Motivation: Earth’s deep subsurface hosts a diverse microbiome rich in potential for the study of conditions analogous to exoplanetary interiors and corresponding microbial intraterrestrials. Access to the subsurface is often transient, however, and involves major disruptions to the very environments we seek to study. To overcome these challenges we have established a network of six packered boreholes that serve as stable sampling ports at the Sanford Underground Research Facility (SURF), South Dakota, USA. Our network extends from 250-1500 m below the surface, allowing access to deep subsurface fluids across a large range of ages and compositions. By tapping these directly, we are poised to install long-term experimental apparatus and conduct targeted experiments to further characterize the ecology and physiology of Earth’s deepest inhabitants.
Methods: The deep subsurface of SURF has been previously shown to contain diverse microbial life and geochemical potential [1, 2]. We selected the DeMMO sites from a subset of previously-studied boreholes while including two new sites, at 610 m and 1250 m, to provide additional coverage across the depth gradient. Each site exhibits consistent water outflow rates, limited evidence for subsurface interaction with mine workings, and is regularly accessible. We capped each borehole using custom designed and machined expandable packers composed of high-density plastic (Delrin) and polyurethane rather than the standard stainless steel manifolds because these latter corrode rapidly in the subsurface, affecting both their lifespan and the geochemical integrity of the associated waters, thereby also affecting native microbial community structure. Prior to packering, boreholes were drilled out and reamed to remove old concrete plugs and create a stable surface against which the packers could seal. Drilling and packer installation was carried out at 3 of 6 DeMMO holes (DeMMO 3, 4, and 5) from May to July 2016. Geochemical and microbiological monitoring of fluids from each site began prior to hole modification and has continued since on an approximately bimonthy basis. Analyses include major cations and anions, redox sensitive solutes (DO, Fe2+, NO3 - , NH4 + , S2- ), DIC, DOC, dissolved gas composition, water isotopes, and sequencing of 16S rRNA genes of cells filtered from borehole fluids.

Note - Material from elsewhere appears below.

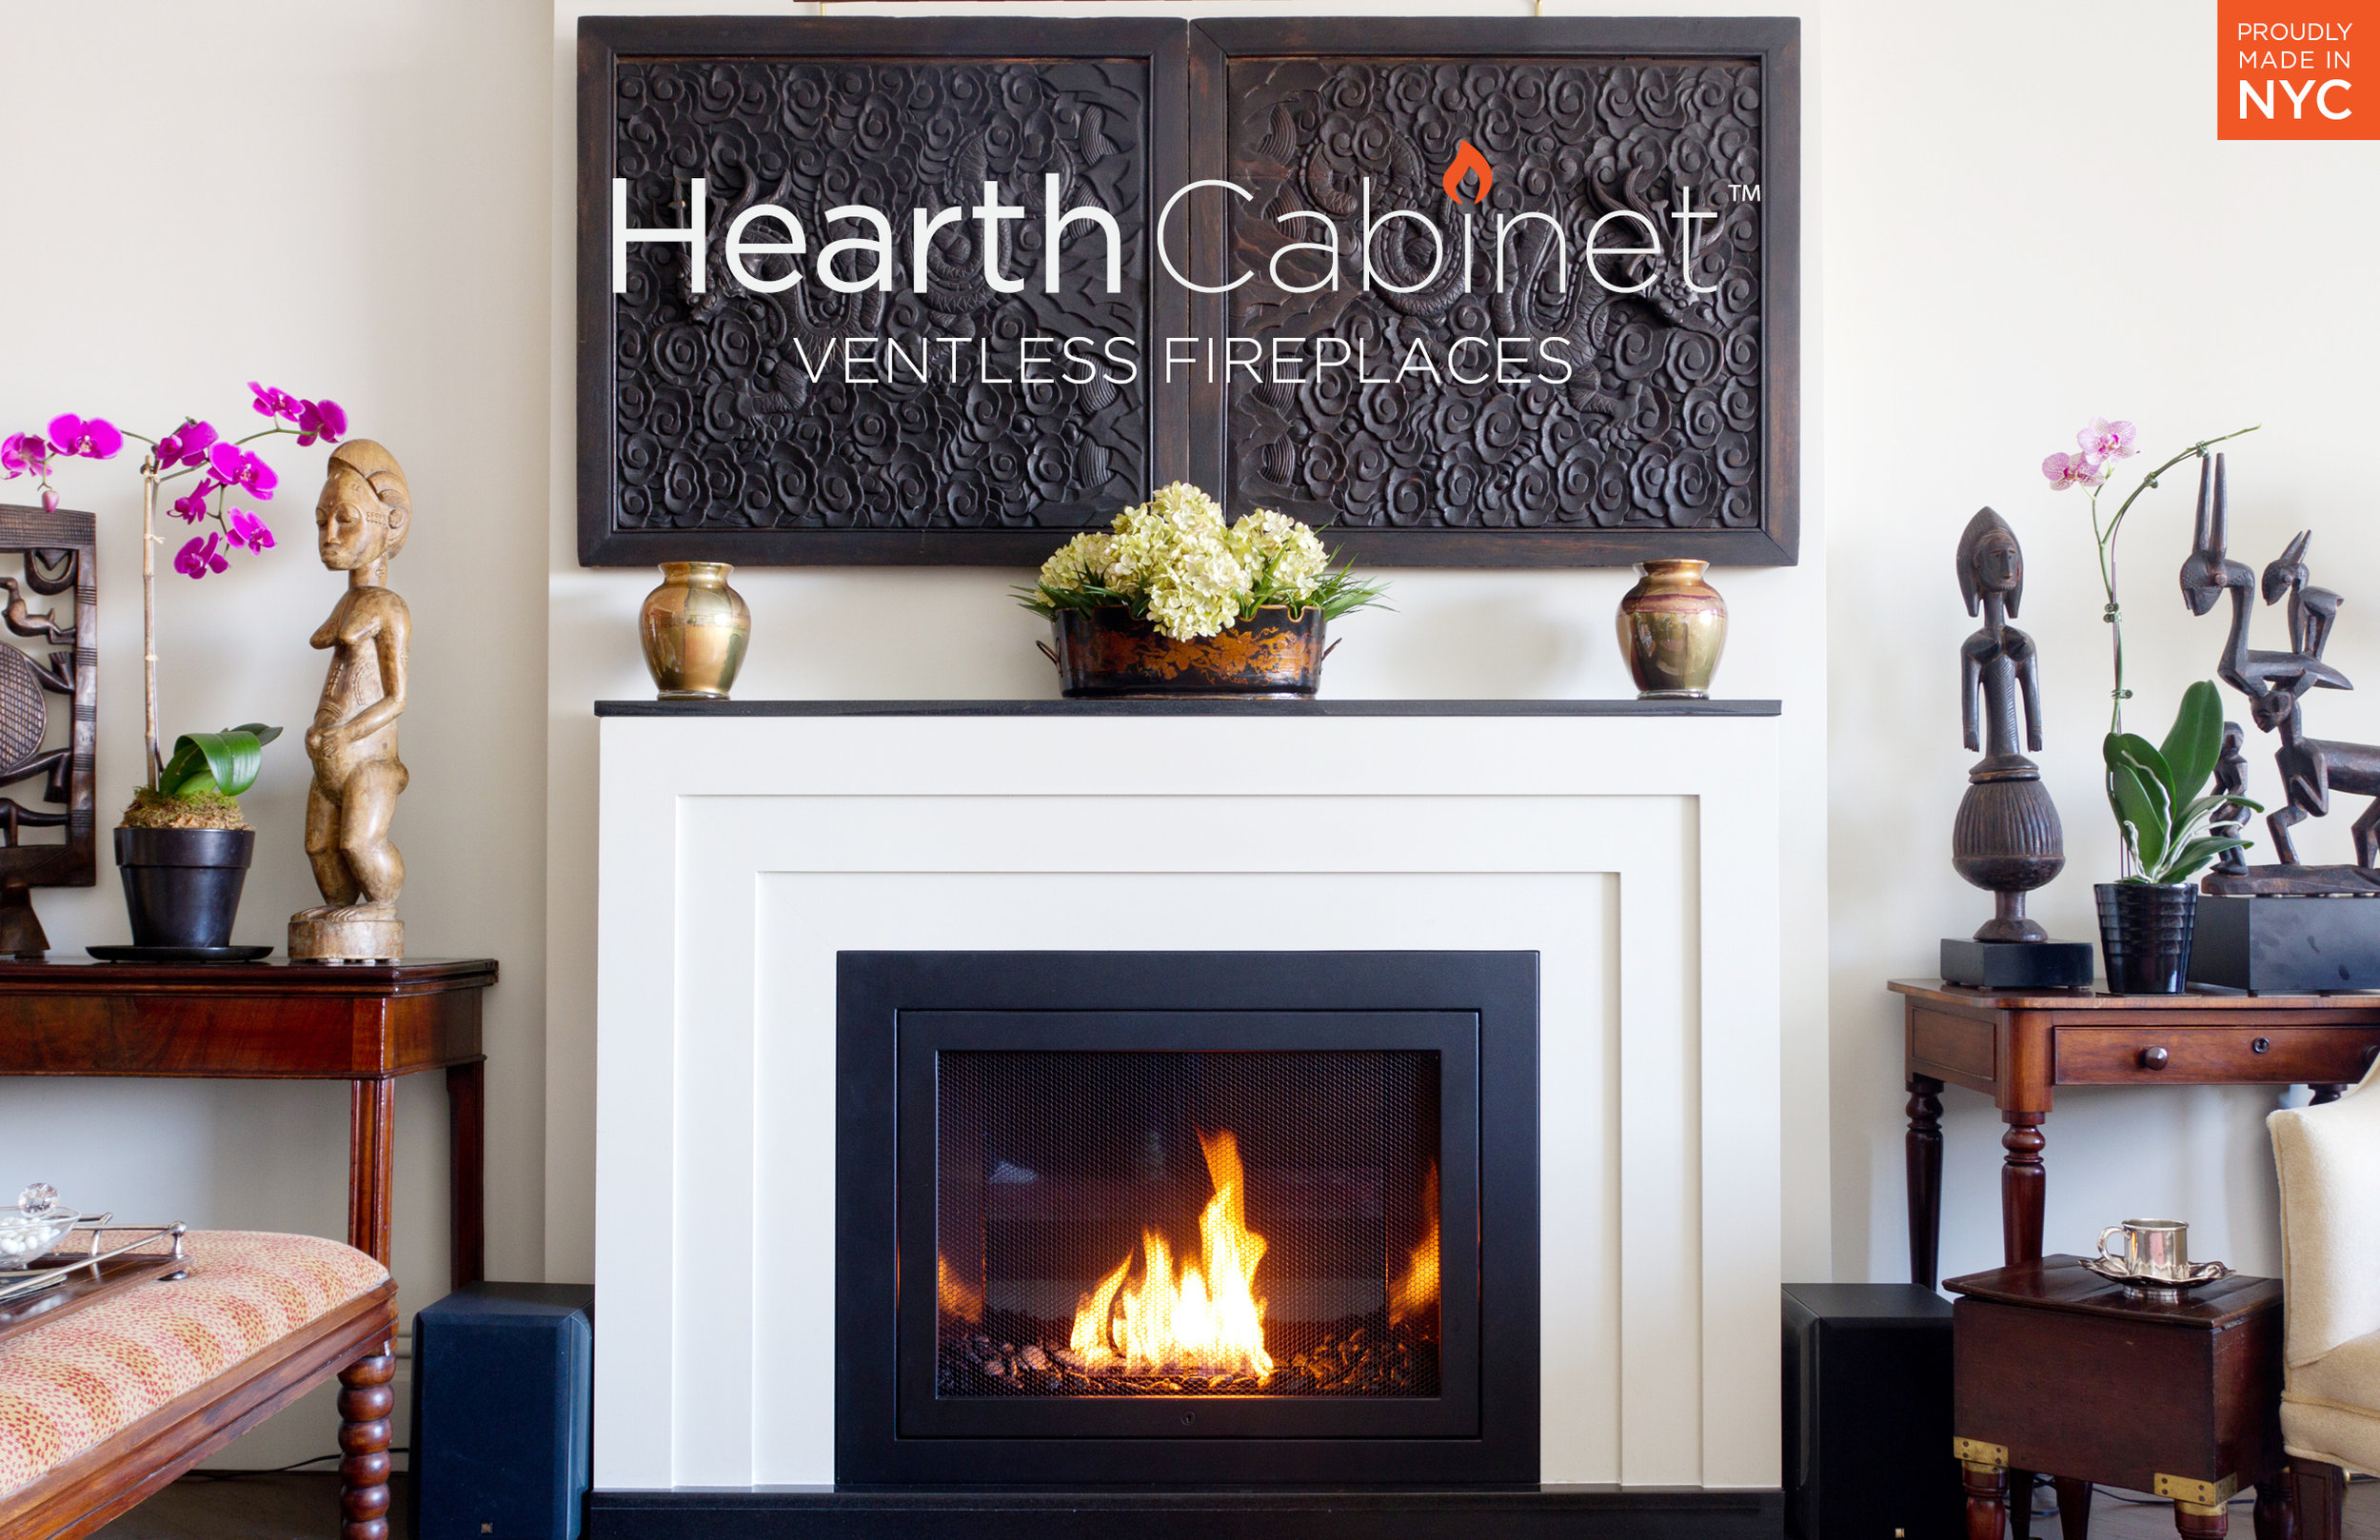 HearthCabinet Ventless Fireplaces 2017 Brochure (DIGITAL) 12.22 - Cover.jpg

Results: Continued monitoring of DeMMO boreholes from December 2015 to December 2016 has identified each site as a unique and stable biogeochemical island.
Geochemistry. Geochemical data reveal consistent fluid compositions at individual stations. Similar compositions of nonreactive ions between sets of boreholes suggest that each pair of sites is hydrologically connected. This observation is consistent with the spatial orientation of the boreholes and expected hydrologic flow paths. There is no apparent seasonal trend in either flow rate or major element chemistry, consistent with the long residence time of these fluids in the subsurface. A gradient of decreasing DOC with depth is consistent with the gradual consumption of surfacederived organic matter by native microbes.
Microbiology. DNA sequencing of borehole fluids revealed significant microbial diversity within the SURF site as well as substantial differences between boreholes. Drilling was found to impart a significant but transient perturbation to the microbial community in a particular borehole. Holes that were not subjected to drilling display a remarkably consistent community composition over the course of months. Significant populations of candidate phyla (e.g. OP3) and deeply divergent strains of known phyla are present at most sites. Of the sequences from characterized phyla, those most closely related to microbes involved in sulfur and iron cycling are well-represented as are relatives of known thermophiles. Continued monitoring of all sites will allow us to evaluate the longer-term impact of drilling on the deep subsurface microbiome as well as further illuminate the connections between geochemistry and microbiology in this unique environment.
Experiments aimed at culturing and characterizing microbial inhabitants are underway at a number of DeMMO sites. In particular, we are interested in replicating the intra-fracture biofilm community by cultivating microorganisms on solid substrates using flowthrough columns as well as more traditional approaches using synthetic growth media.
Future directions: We aim to establish collaborations at other deep subsurface research sites, most notably in the South African and Canadian Shields, to establish nodes of DeMMO worldwide.
References:  Osburn M. R. (2014) Frontiers in Microbiology, 5, 1-14  Momper, et al. (submitted) Environmental Microbiology Reports.